Document Type: Original Article
Ph.D. Student, Department of Civil Engineering, Semnan University, Semnan, Iran
Associate Professor, Department of Civil Engineering, Razi University, Kermanshah, Iran
Assistant Professor, Department of Civil Engineering, SemnanUniversity, Semnan, Iran
Ph. D. Student, Department of Civil Engineering, Razi University, Kermanshah, Iran
The simplest water diversion method in irrigation systems is using intakes. Measuring the mean velocity is one of the essential hydraulic parameters in increasing the efficiency of the intake.
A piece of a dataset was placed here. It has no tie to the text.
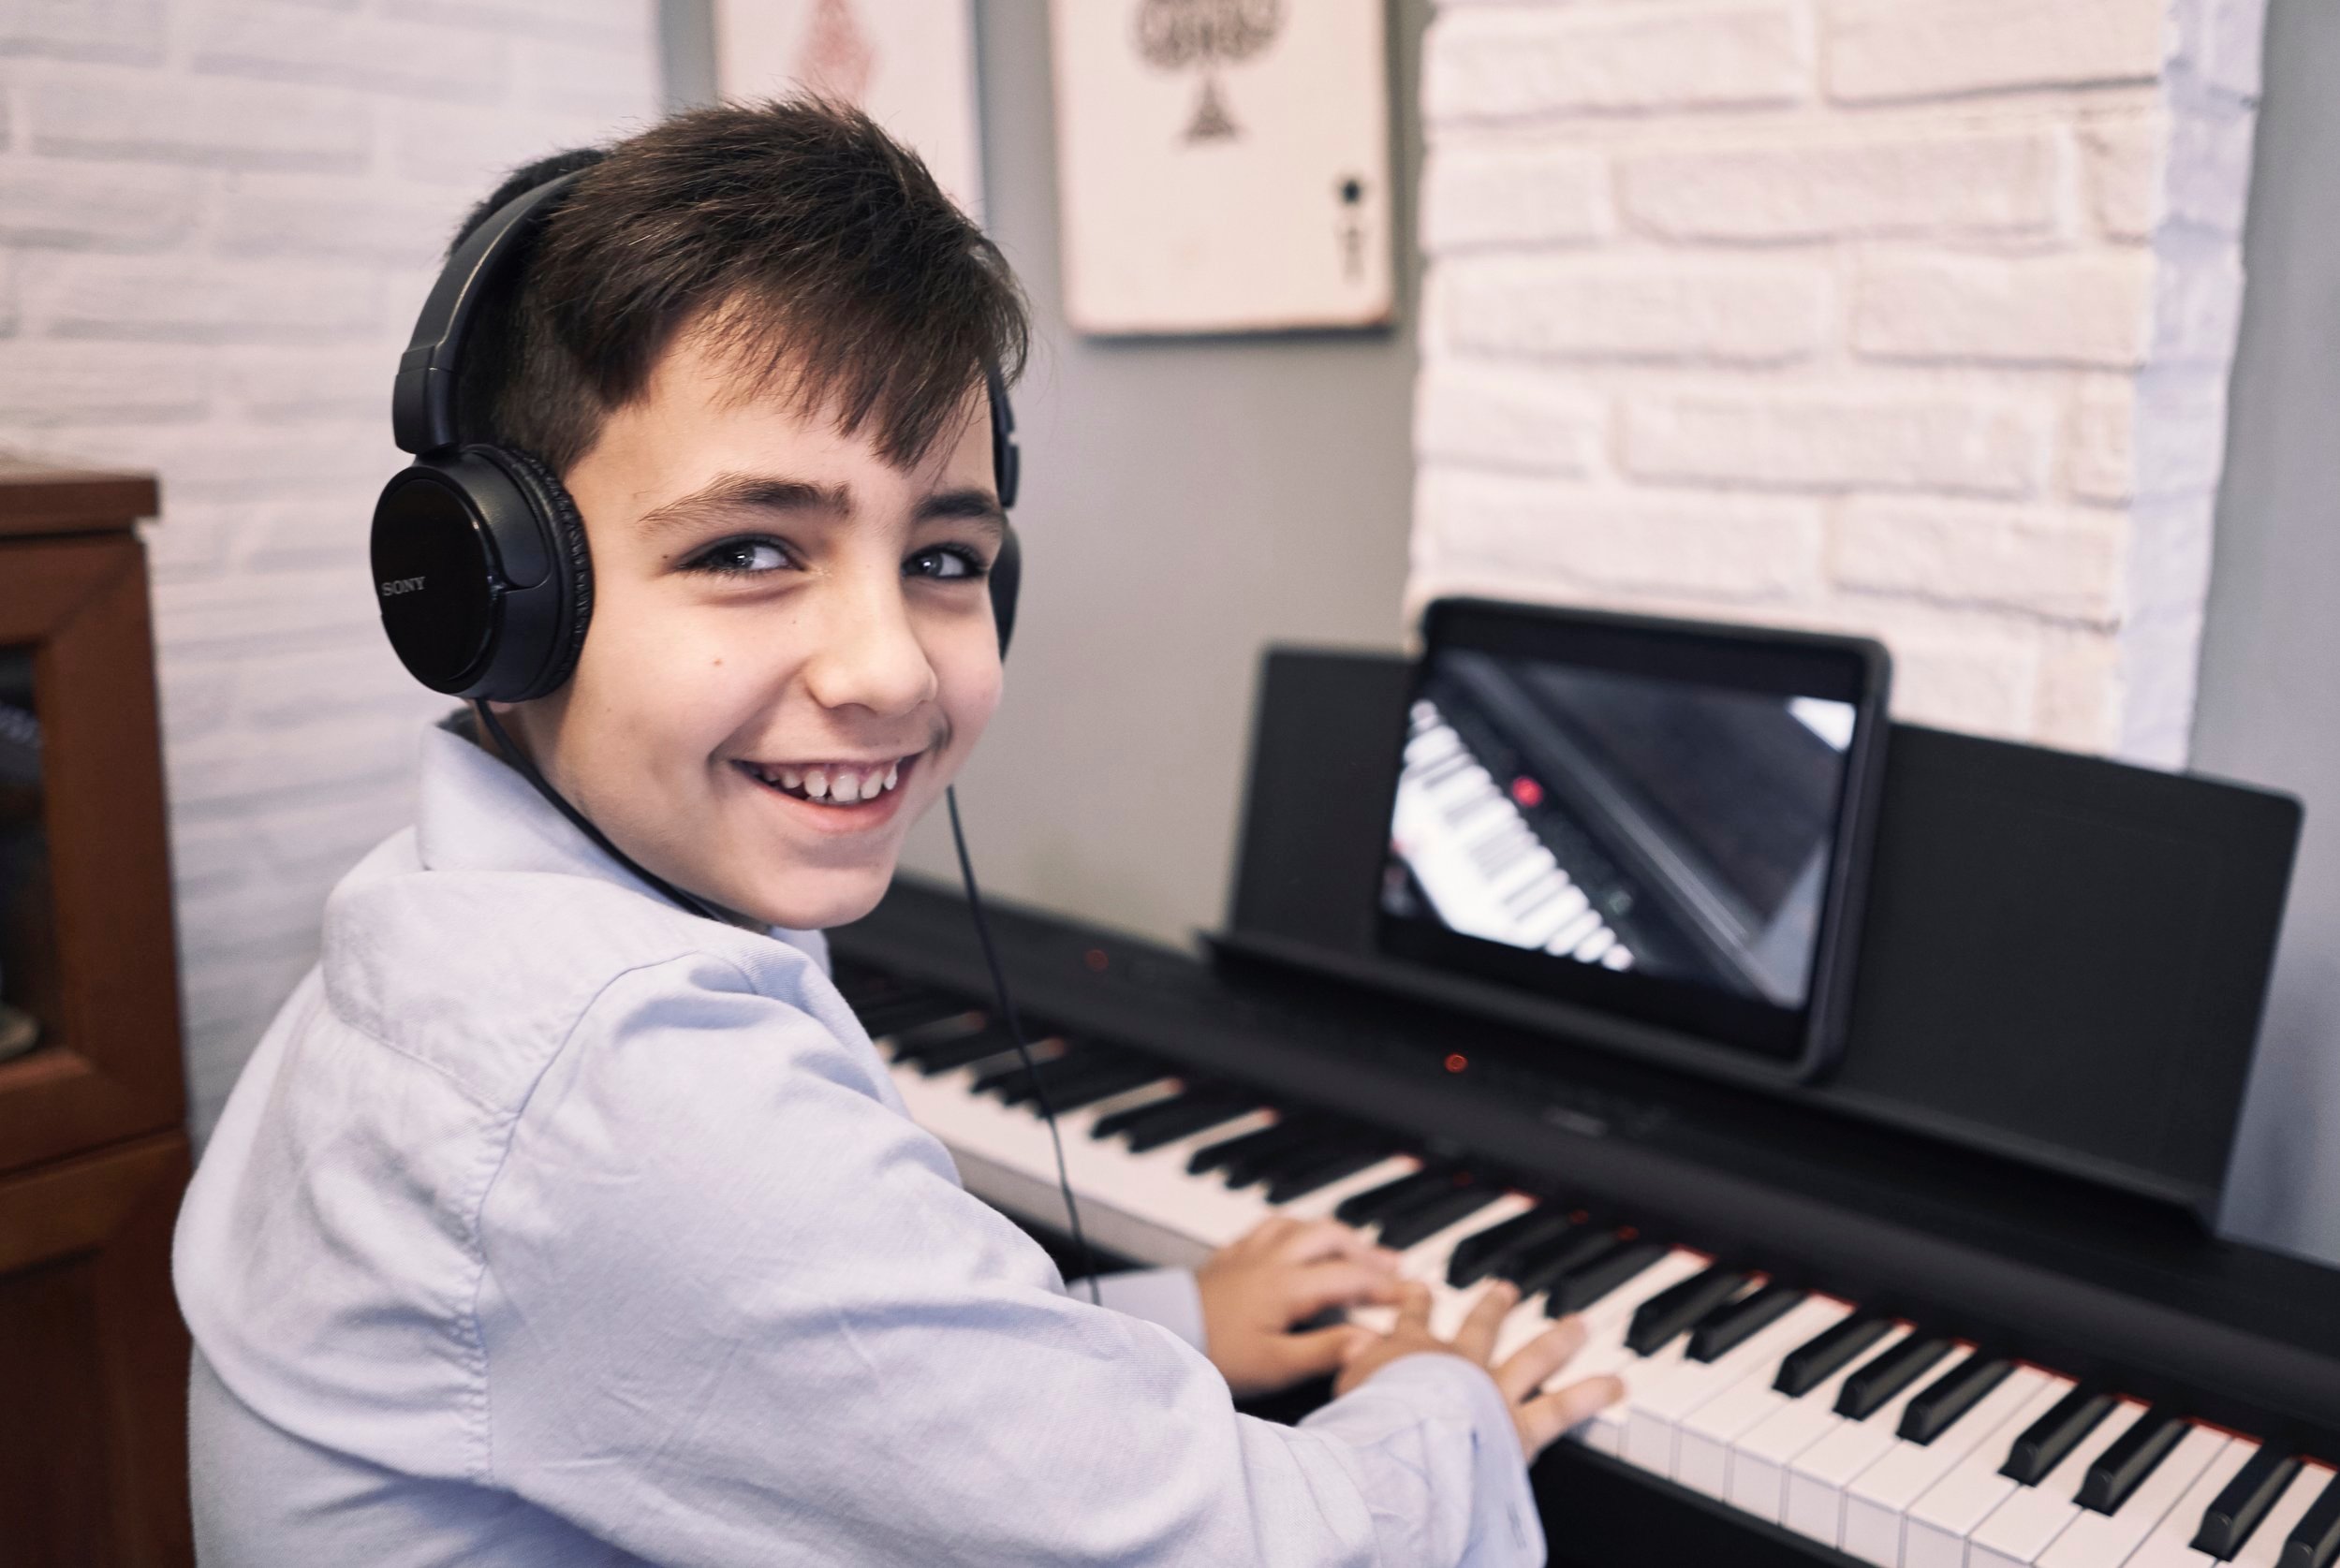 Online Piano Games - The Piano Studio

In this study, the mean velocity was predicted for different width ratios of an intake using ANN-MLP neural network model. In order to do that, the flow field within a 90-degree intake was first simulated three-dimensionally using ANSYS-CFX. The neural network used in this study includes 3 inputs; longitudinal coordinate (Y*), ratio of the branch channel to the main channel (wr), and mean velocity of the middle line of the channel cross section (V*line). V*lineis the average velocity in the vertical column of the branch channel, which has been measured by the ANSYS-CFX model after the validation. Comparison of the ANSYS-CFX results with the experimental ones indicated that this model, with mean Root Mean Squared Error (RMSE) of 0.013, has a proper accuracy in simulating the characteristics of the flow field within the intake. In addition, comparison of the obtained results from ANN-MLP model and the experimental results indicated that this model, with mean determination coefficient (R2) of 0.948, has a high performance in predicting the mean velocity of open channel intakes.